(Given material):
[Start of section]
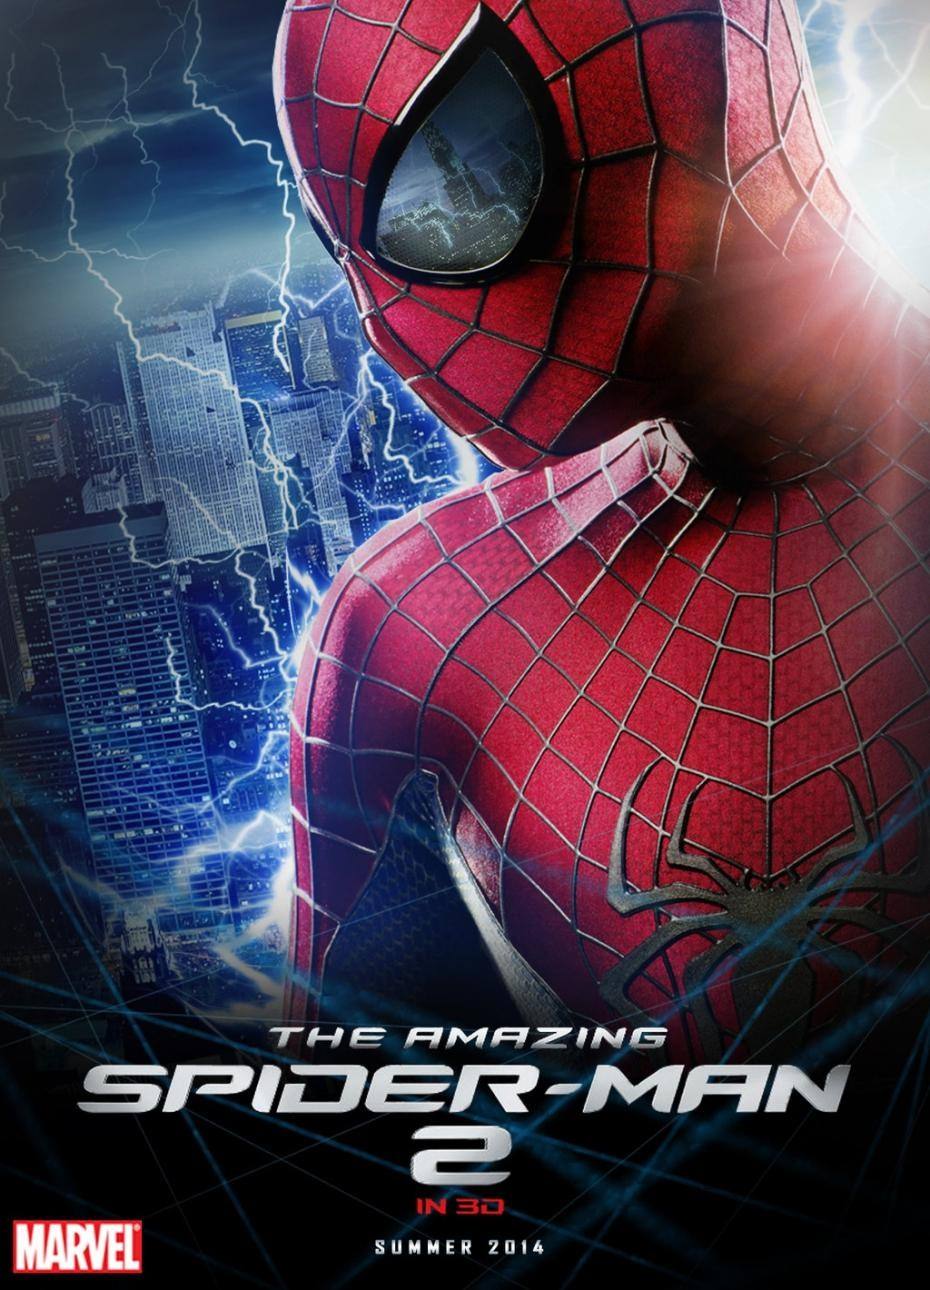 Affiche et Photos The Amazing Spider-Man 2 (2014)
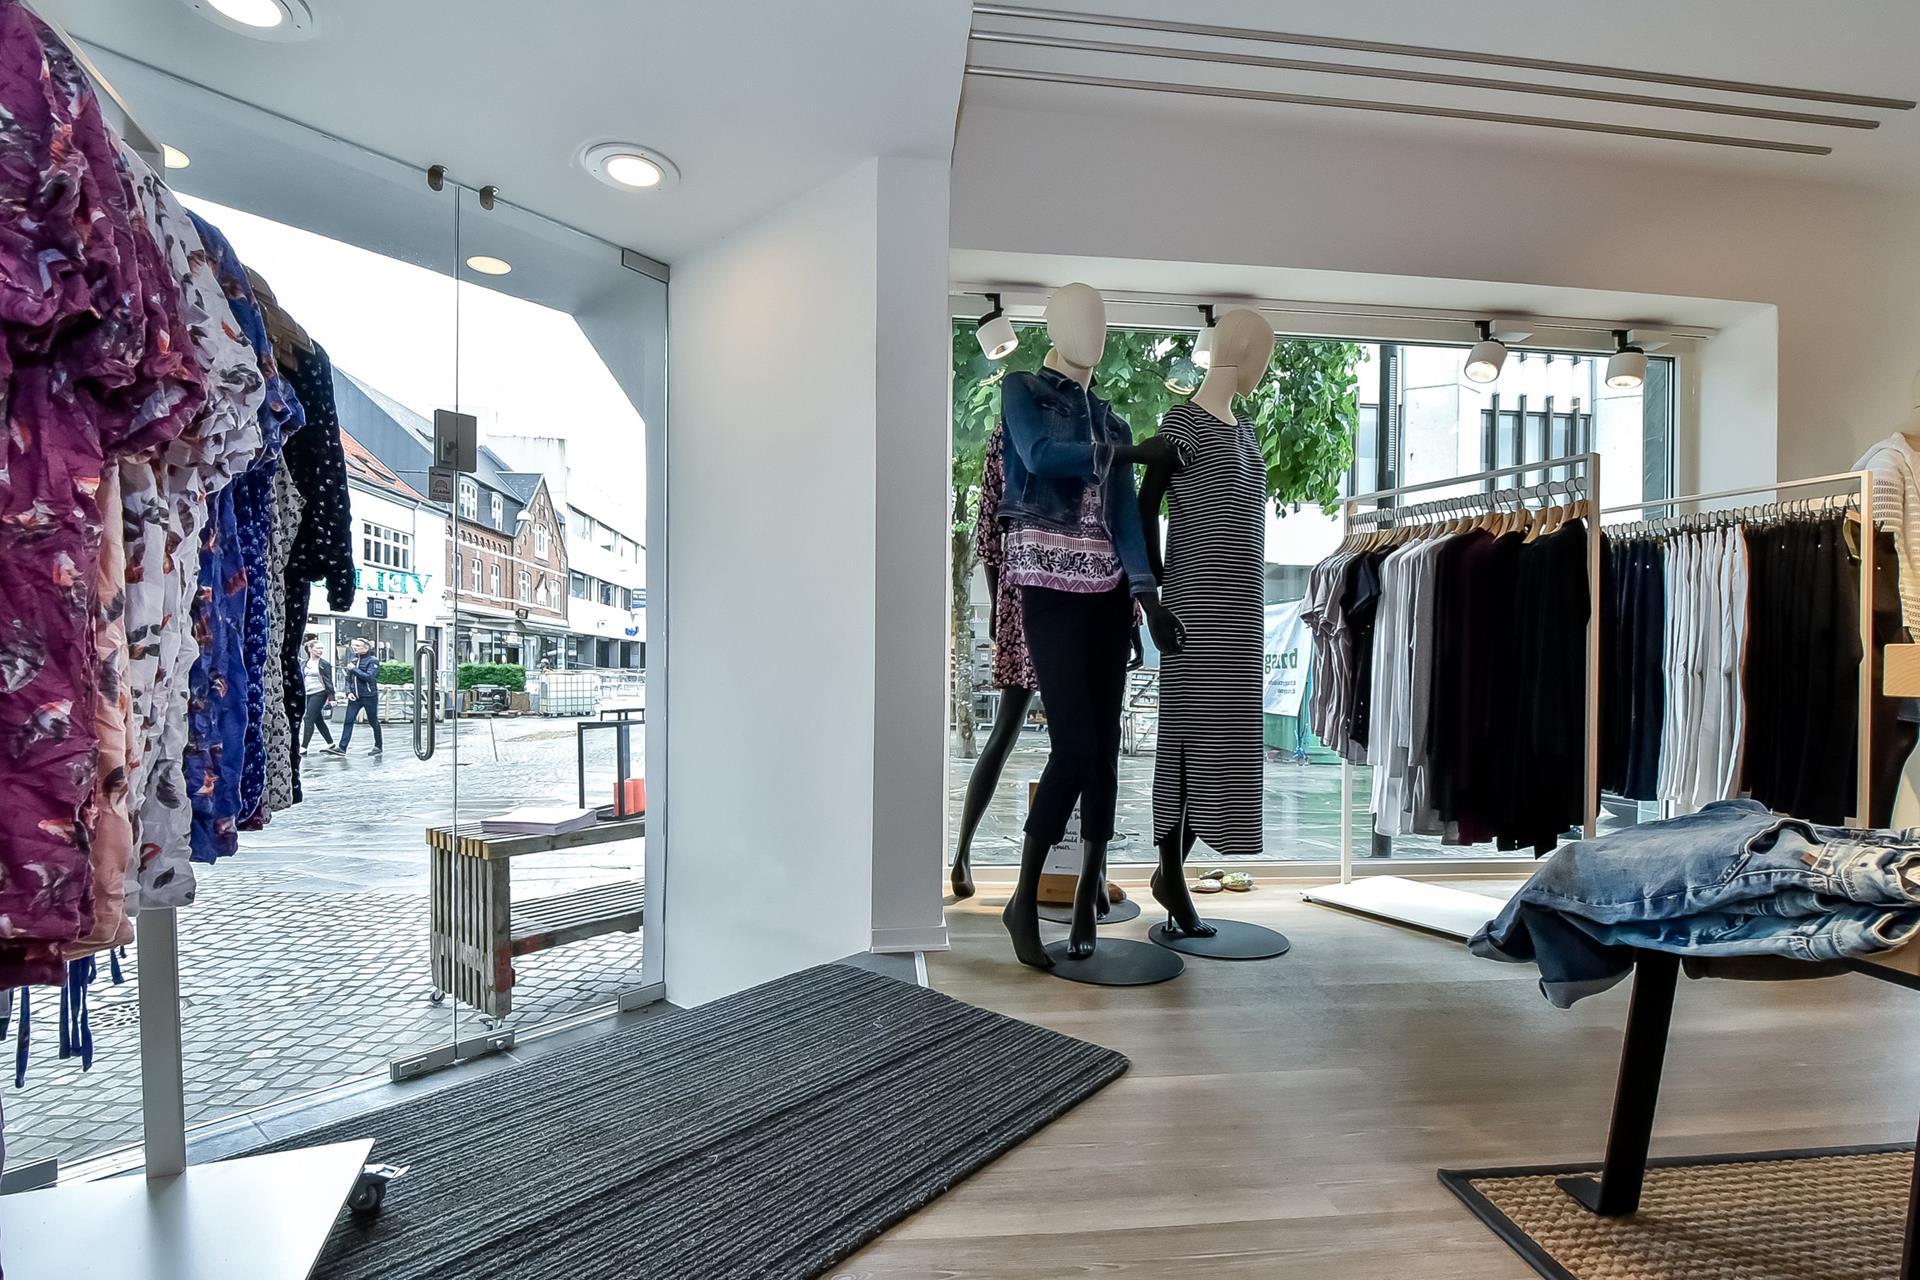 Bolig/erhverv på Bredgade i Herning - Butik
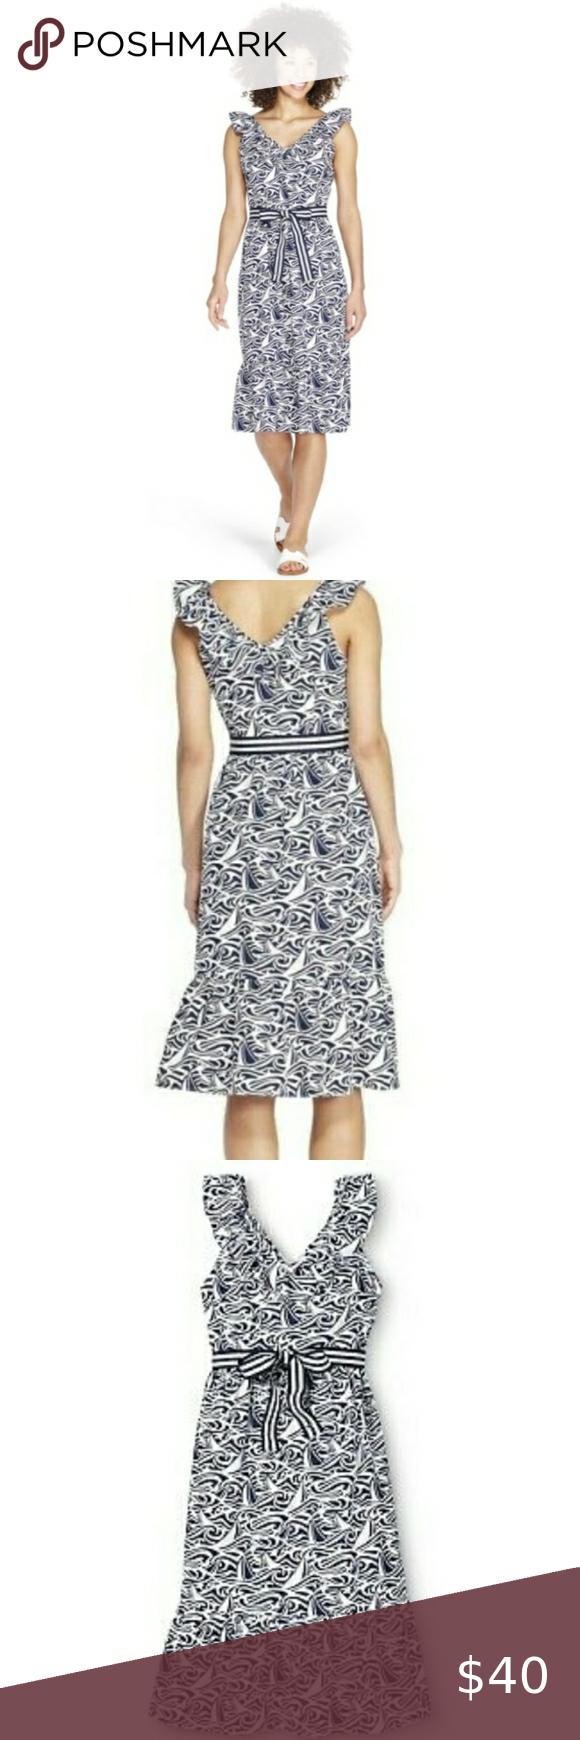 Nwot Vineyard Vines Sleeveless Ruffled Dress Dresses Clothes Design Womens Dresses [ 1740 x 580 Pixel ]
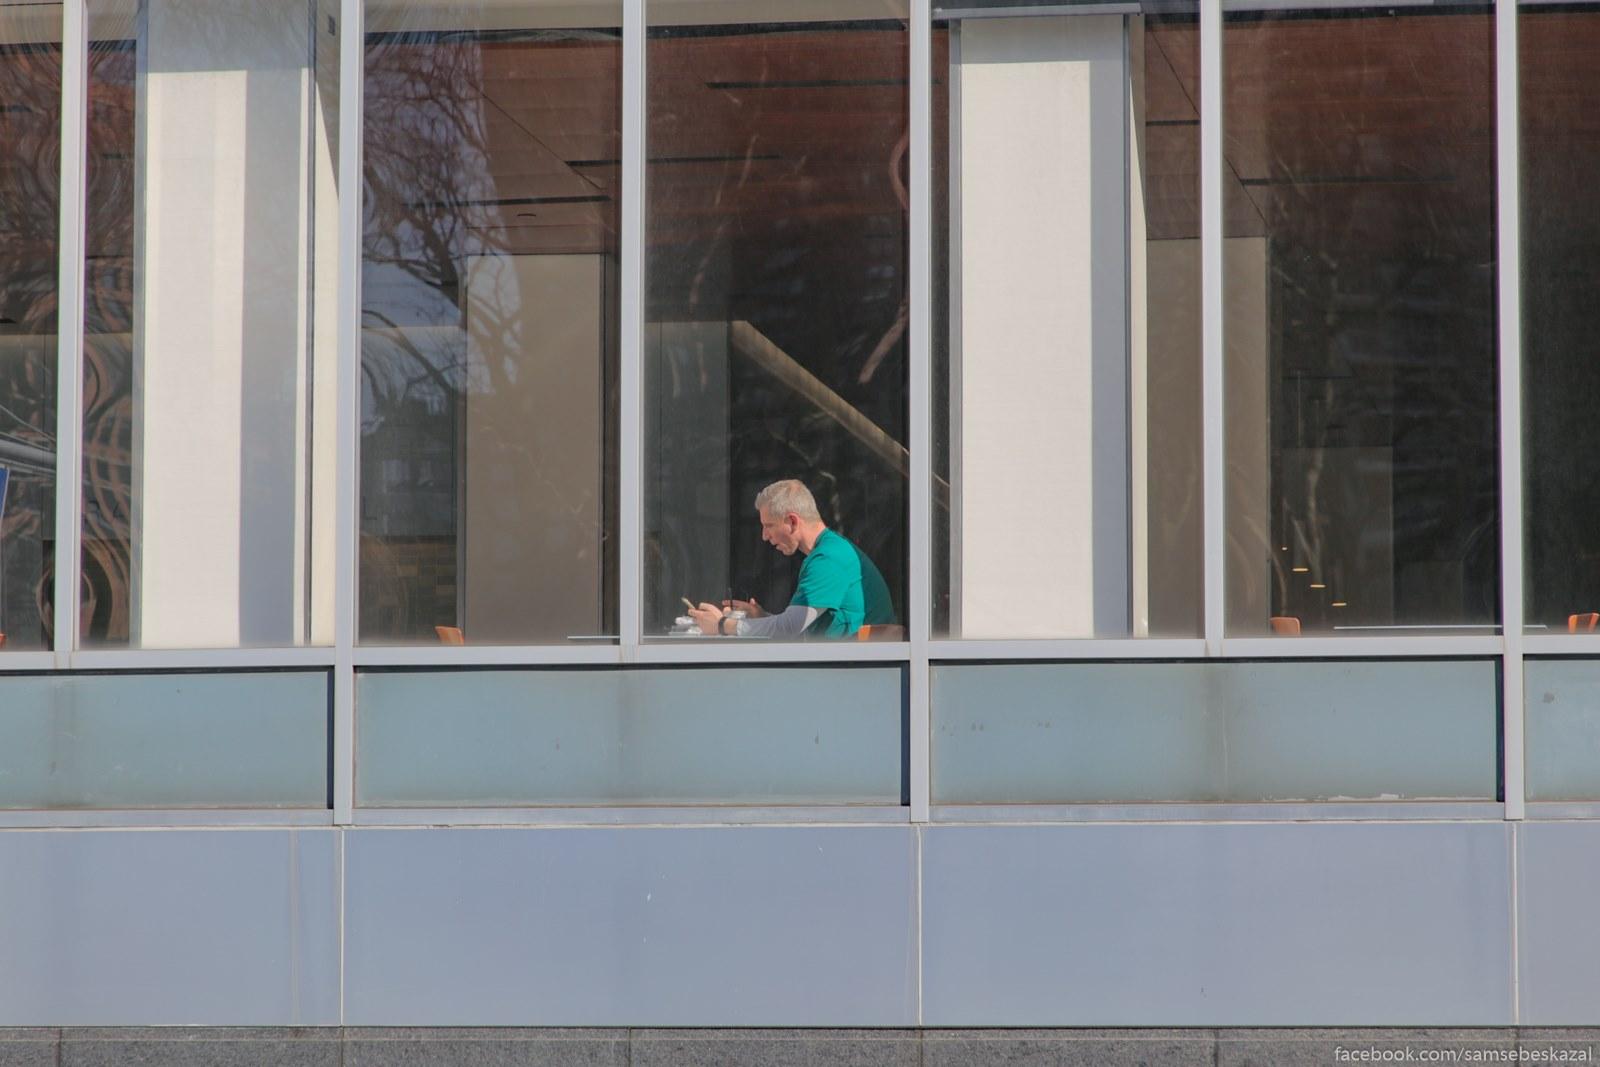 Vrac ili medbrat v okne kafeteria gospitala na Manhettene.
[End of section]
(Exercise instructions):
Omitting the images, copy the listing exactly.

(Output below):
 Affiche et Photos The Amazing Spider-Man 2 (2014)
 Bolig/erhverv på Bredgade i Herning - Butik
 Nwot Vineyard Vines Sleeveless Ruffled Dress Dresses Clothes Design Womens Dresses [ 1740 x 580 Pixel ]
 Vrac ili medbrat v okne kafeteria gospitala na Manhettene.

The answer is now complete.